By Rob Nielsen - | Jun 9, 2023

Tim Vandenack, Standard-Examiner

An election sign is posted outside the Weber County Fairgrounds complex on Monday, Nov. 7, 2022. It was announced Wednesday, June 7, 2023, that municipal primary and general elections across the state will be pushed back to accommodate a special election to fill the seat of U.S. Rep. Chris Stewart.

A sudden change in this year’s primary and general election dates across Utah will mean some brand-new territory and potential holiday work for election workers.

As a result of U.S. Rep. Chris Stewart’s announcement that he will resign from Congress on Sept. 15, Gov. Spencer Cox announced Thursday that — as a means of accommodating a special primary and special election for the vacant House seat along with this year’s municipal elections — new primary and general election dates hav been set. Primary elections will now be held on Sept. 5 while the general election will be held Nov. 21.
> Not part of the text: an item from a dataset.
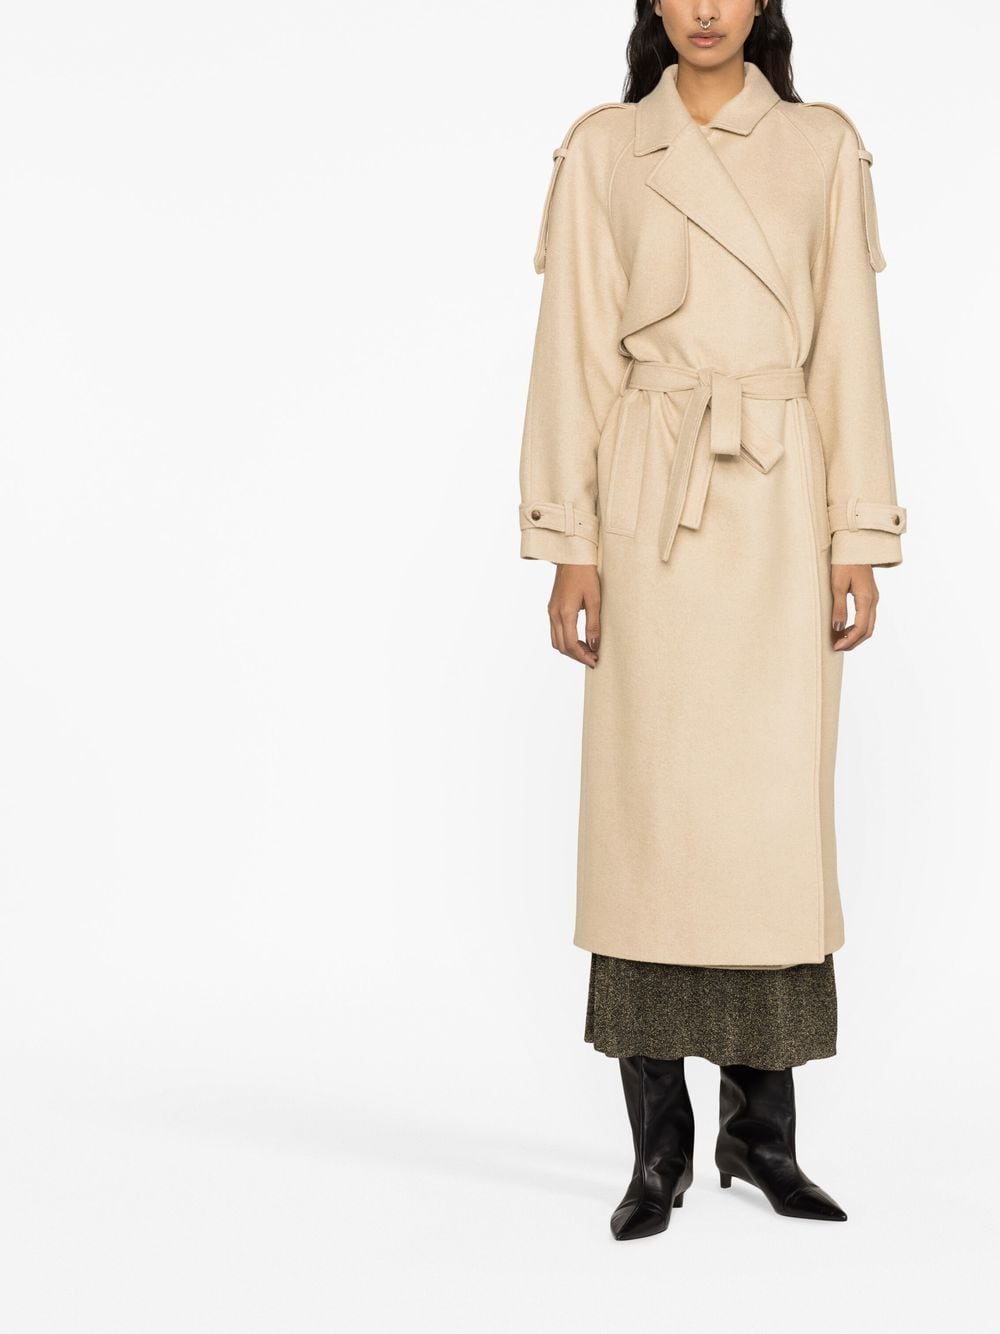 The Frankie Shop Suzanne Belted Trench Coat - Farfetch

Previously, the primaries and general election had been scheduled for Aug. 15 and Nov. 7, respectively.

These additional weeks could have some impacts, though.
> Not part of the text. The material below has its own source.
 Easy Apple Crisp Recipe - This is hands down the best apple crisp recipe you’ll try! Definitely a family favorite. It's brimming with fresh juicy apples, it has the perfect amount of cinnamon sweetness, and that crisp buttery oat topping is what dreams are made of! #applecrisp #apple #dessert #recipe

Weber County Clerk/Auditor Ricky Hatch noted that the primaries will now come into conflict with a major holiday.

“Primary election day falls on the day after Labor Day — a federal holiday — so the governor has proposed to change the postmark deadline for mailed primary ballots to the day of election day, rather than the day before election day,” he said. “This only applies to the primary election. The postmark deadline for the general election will still be the day before election day, or Nov. 20.”

He said that the same is true of the general election, which could slow down the release of final results.
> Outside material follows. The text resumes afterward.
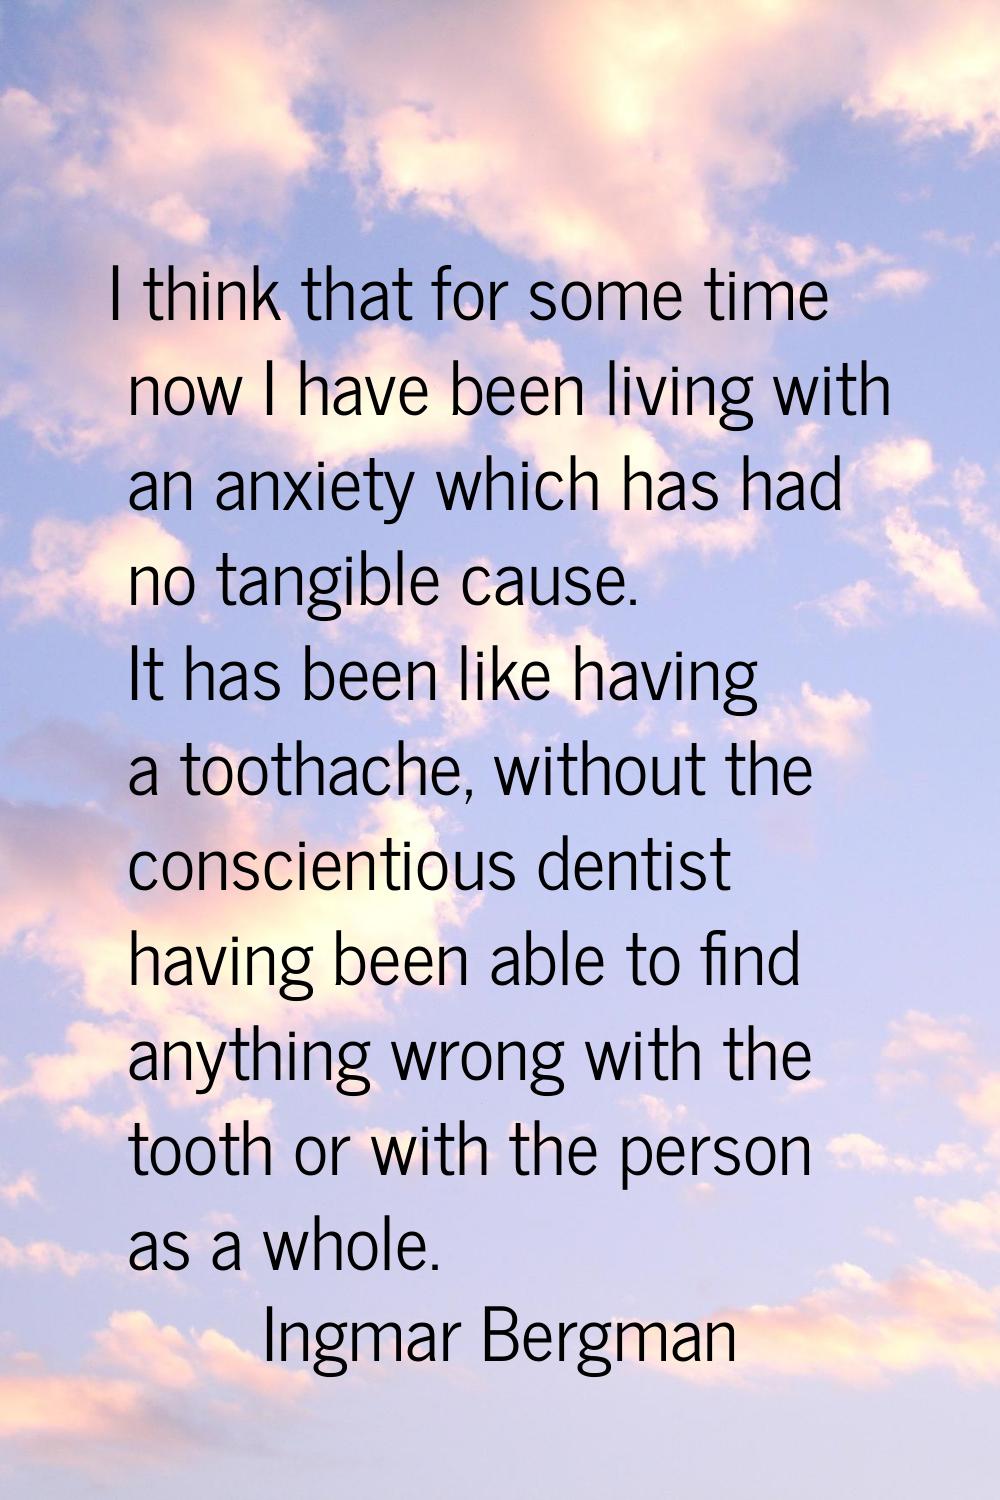 I think that for some time now I have been living with an anxiety which has had no tangible cause.

“This shouldn’t impact the county’s workload, although with election day being two days before Thanksgiving, election officials will have a hurried, lean or possibly even a takeout Thanksgiving dinner this year,” he said. “There will likely be some additional cost, as the county will need to provide holiday overtime pay for personnel working elections on Labor Day and possibly Thanksgiving Day and Black Friday. Results on primary election day may represent a lower number of total ballots cast, since the (U.S. Postal Service) will not be delivering mail on Labor Day. Updated releases of results after the general election day may be delayed due to the Thanksgiving holiday.”

Hatch said this is a very new situation for him.

“I’m not aware of Utah ever changing the actual dates of elections before — certainly not since I took office,” he said. “When Rep. (Jason) Chaffetz resigned, Utah state law didn’t have the provisions in place that it has now, so the plan to replace him was more flexible. In fact, that situation is what prompted the changes to the election law.”

Despite treading new territory and potentially being more costly due to the adjacent holidays, Hatch said he feels the governor made the right decision.

“I understand the desire to replace Rep. Stewart as quickly as possible,” he said. “I also understand the importance of consistency in elections. A lot of thought and discussion went into this decision, and I’m sure the governor, lieutenant governor and legislative leadership did not make this decision lightly. I appreciate the thoughtful solution that Gov. Cox has proposed, that it takes into consideration the needs of candidates, cities, election administrators and, most importantly, voters.

He added that, no matter when the elections are held, local officials across the state will strive to keep the election secure.

“For many county clerks in Utah, these two elections will be their first elections,” he said. “It’s important to note that the safeguards that are in place will help ensure that, even with the change in dates and the new personnel, these elections will be run with the same high level of security and accuracy as all of our elections in Utah. County election administrators stand ready to serve the public with the same nationally recognized level of excellence that we’ve had in prior elections.”